CAIRO (Reuters) - Thousands of Muslim Brotherhood members demonstrated at government offices in three Egyptian provinces on Sunday to protest against the government obstructing Brotherhood nominations for municipal elections.
Brotherhood and security sources said the group's members held demonstrations in Port Said, Tanta and Alexandria to protest against what the group says is a government policy of preventing Brotherhood members standing in local elections in April by refusing to accept their nomination papers.
In the Nile Delta town of Tanta, group members led by Brotherhood parliamentarians chanted slogans asking God to rid Egypt of evil-doers. The Brotherhood said 10,000 of its members attended the protest.
Witnesses said protesters raised placards saying "Where is this purported democracy when the doors to nomination are shut?" and held up copies of the Koran.
Large numbers of security forces surrounded the protesters, but the demonstration ended peacefully.
In Alexandria on Egypt's northern coast, hundreds of Brotherhood members held a protest until the group's representatives met the governor to demand an end to the policy of obstruction.
A Brotherhood source said the governor's response was positive, but that the Brotherhood would resume protesting if the authorities failed to live up to their promise.

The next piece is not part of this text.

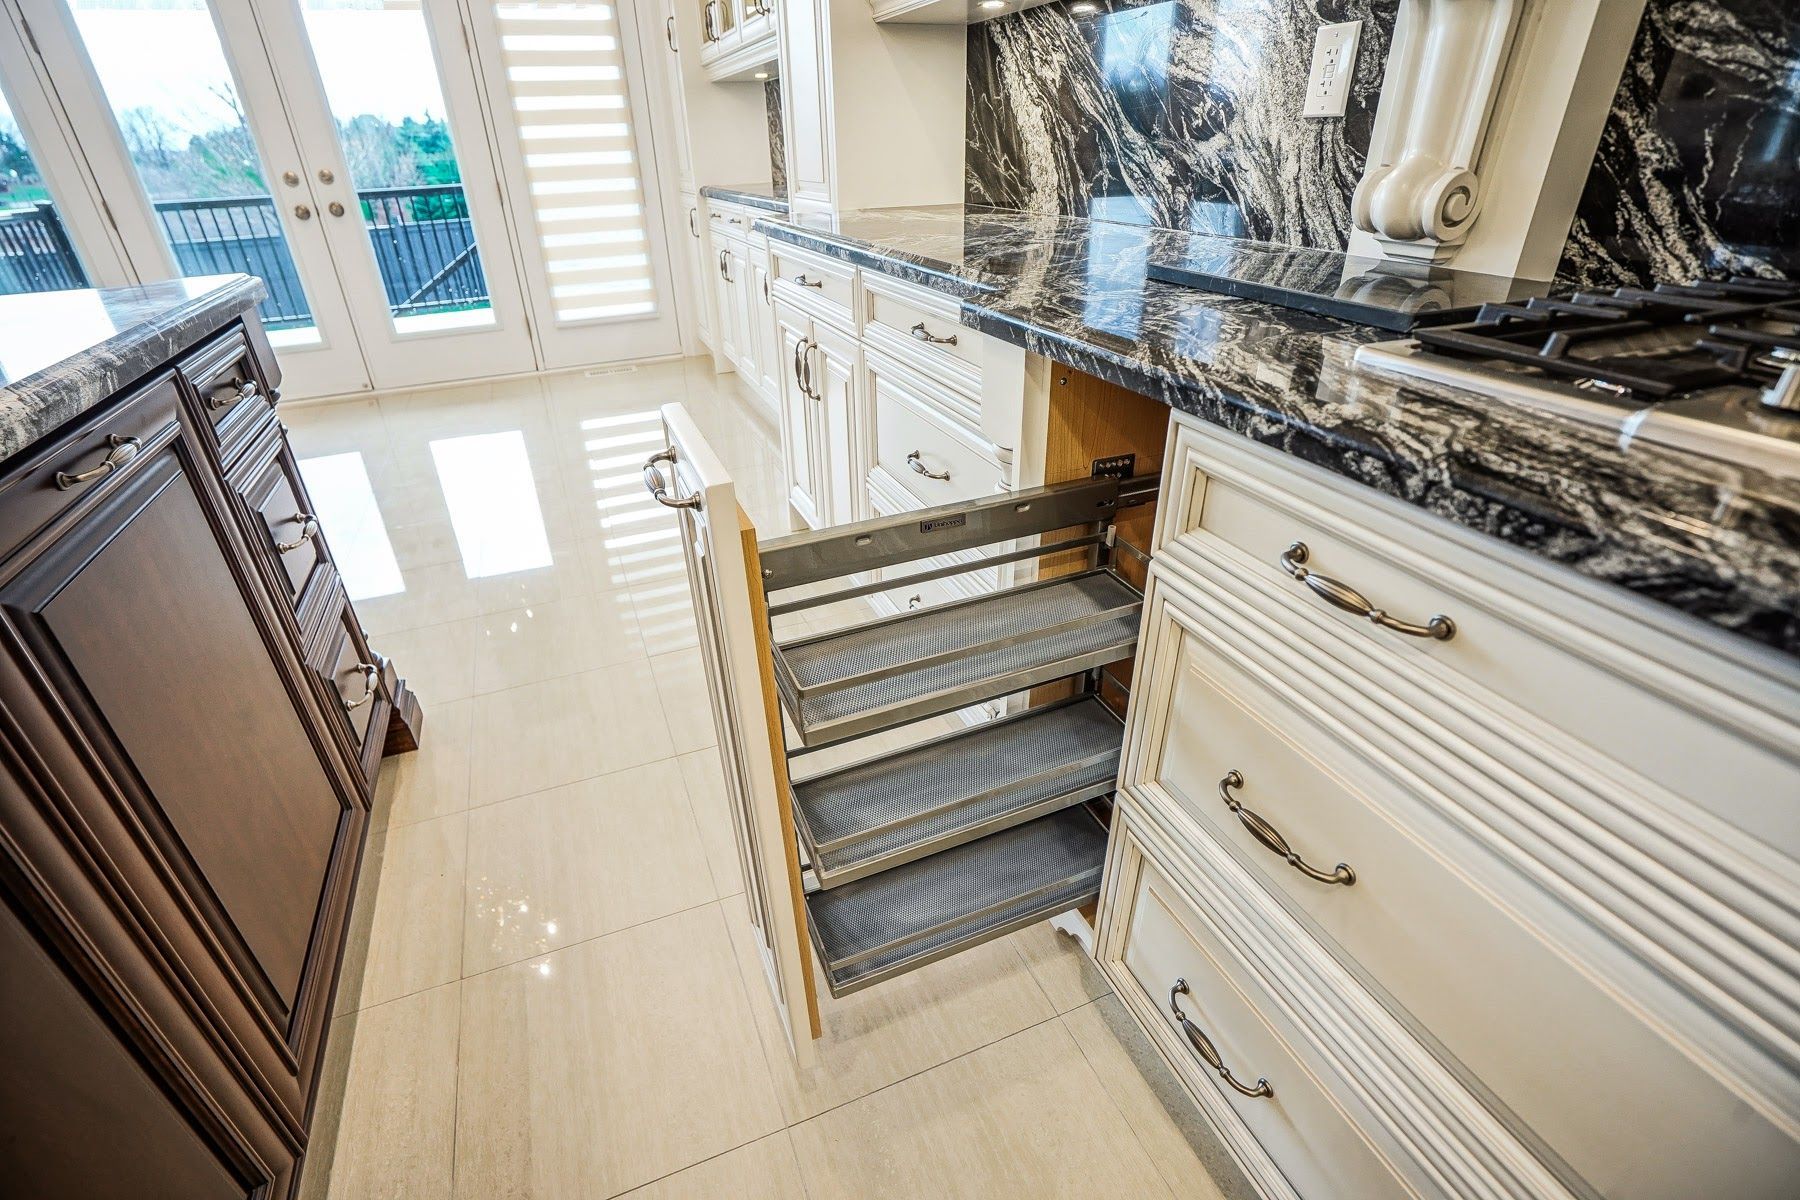 Grande Tile and Reno Plus kitchen cabinet
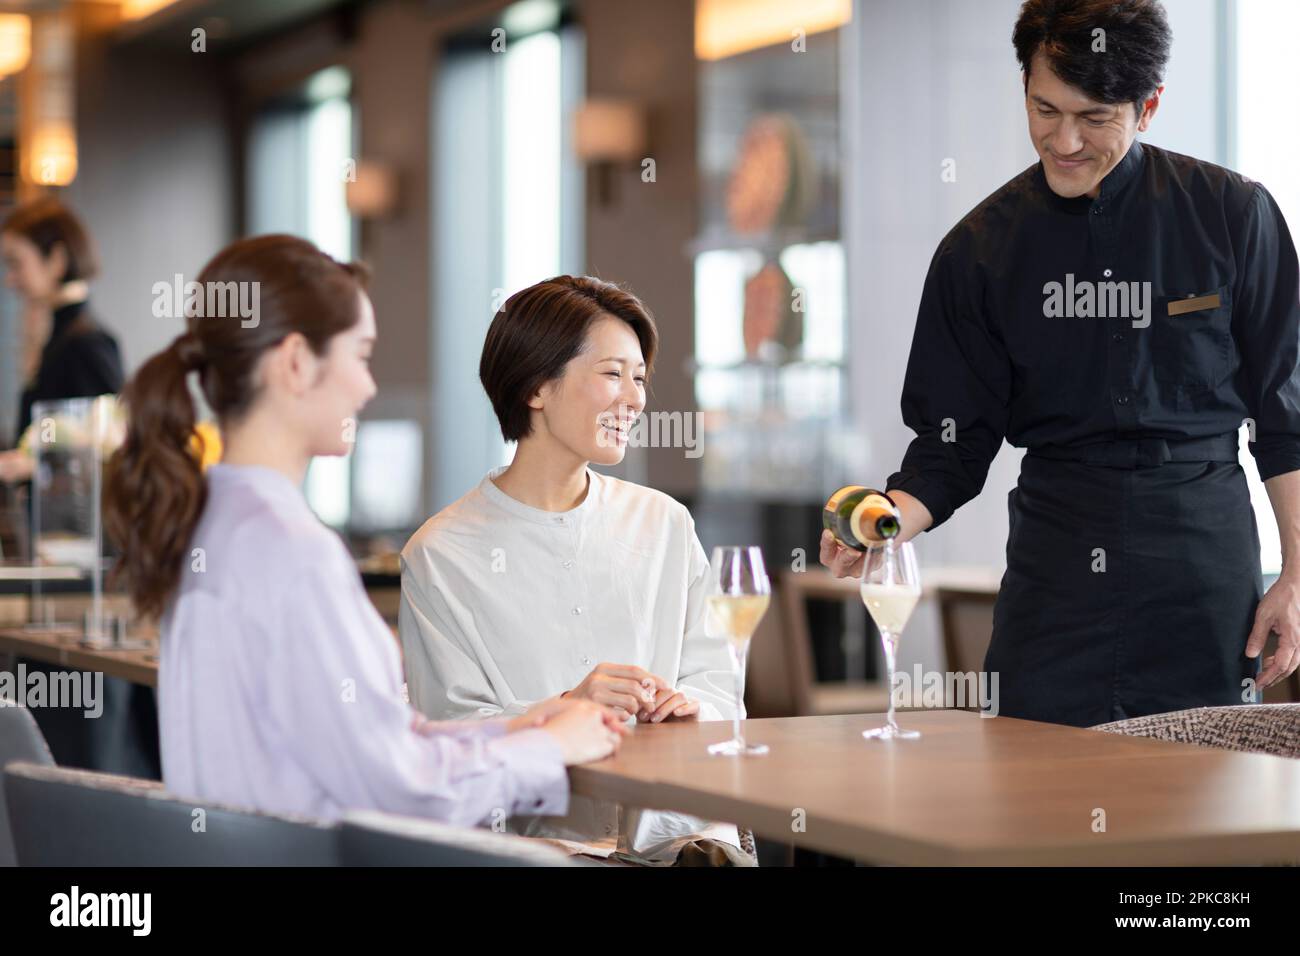 Das Personal im Restaurant schüttete Champagner ein Stockfoto

"Any citizen has the right to nominate himself ... but what happens is that the government has all the paperwork, it neither gives the (potential) nominees the required paperwork nor accepts the paperwork from them, and a lot of nominees have been detained," said Hamdi Hassan, spokesman for the Brotherhood's parliamentary group.
Security sources said around 1,500 Brotherhood members also protested at government offices in Port Said, but no clashes were reported. The Brotherhood Web site said two of the group's members of parliament were staging a sit-in at the offices of the provincial authorities.
Brotherhood officials said that while some of the group's members had successfully filed nomination papers, past experience suggested this was no indication they would be allowed to stand for elections.
Egyptian police have intensified a crackdown on the Brotherhood in recent weeks, detaining hundreds of the group's members in advance of the April 8 ballot.
Police routinely hold opposition politicians during election campaigns to prevent them from campaigning. They usually free them without charges when the election is over.
The Brotherhood seeks an Islamic state through non-violent, democratic means. The government calls it a banned organisation but allows it to operate within limits.
The authorities will not let it form a political party so members stand in elections as independents.
Egypt postponed local council elections for two years in 2006 after the Brotherhood performed better than expected in a parliamentary election in 2005.